With this backdrop, and the ubiquity of iPhones and other smartphones in society today, we sometimes forget that the very first iPhone was not even released to the public until June 29, 2007.  The first Android smartphone was not introduced until October 2008.  Twitter and text messaging were in their mere infancy in 2008 as the commercial real estate market crash occurred. Today they are the leading means by which the discretionary income-rich millennial generation (those born between about 1980 and 2000) socialize and communicate.

Yes, technology and our retail culture have changed dramatically while the commercial real estate market has been on hiatus over the past several years. What does that mean to commercial real estate investors and developers?  It means our developments have to change too.

The leading takeaway from ICSC RECON 2013 is the need for commercial real estate developers, retailers, lenders and urban planners to grasp the immense changes to our culture borne by the lightning-speed proliferation of social networking and technology.  Commercial  real estate developments, whether new or retooled, will need to create a reason for consumers to come to our commercial projects to shop and spend. To be successful, our projects will need to be fully integrated, media rich environments providing prospective customers with a compelling reason to come to live, work and play. They will need to provide an enticing third space between home and work for consumers to spend their time and money.

The current push in Congress to mandate collection and remittance of sales taxes on internet-based out-of-state sales may help state and local governments fill their coffers, but imposing this tax will likely do little to help brick and mortar retailers.The fact that online sales may be taxed to the same extent as brick and mortar based sales is not likely to dissuade online shopping.

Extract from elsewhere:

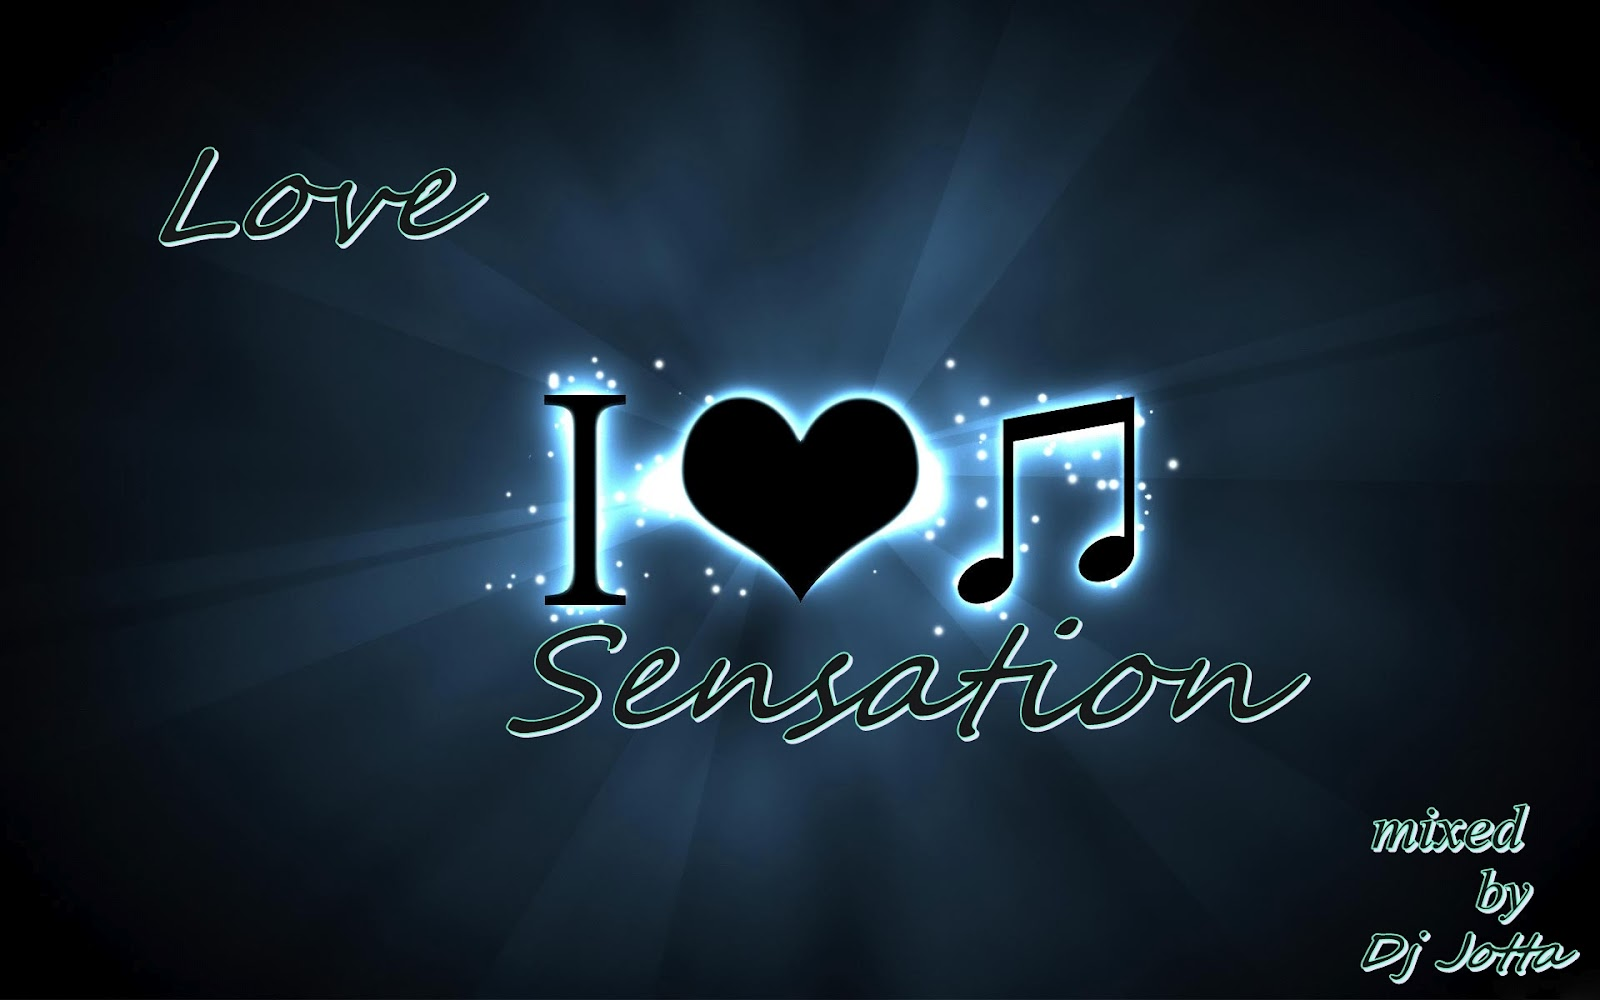 http://1.bp.blogspot.com/--kEJYd2EfHY/UEglpNPiwiI/AAAAAAAAAVw/sEnyGNBcvZc/s1600/I-Love-Music-HD-Desktop-Wallpaper.jpg

Rather than begrudge the impact of internet-based shopping on brick and mortar retail, developers and retailers alike will need to wholeheartedly embrace technology to create an enticing, in-person experience that integrates online social networks with face-to-face social interaction and shopping. This is the challenge of our time for retail and commercial real estate development.

Meeting this challenge will require, first, that we grasp it, and, second, that we envision how to effectively integrate fundamental real estate development concepts with new and emerging technologies. To get to the desired bottom line, we will almost certainly need to understand and focus on the third space.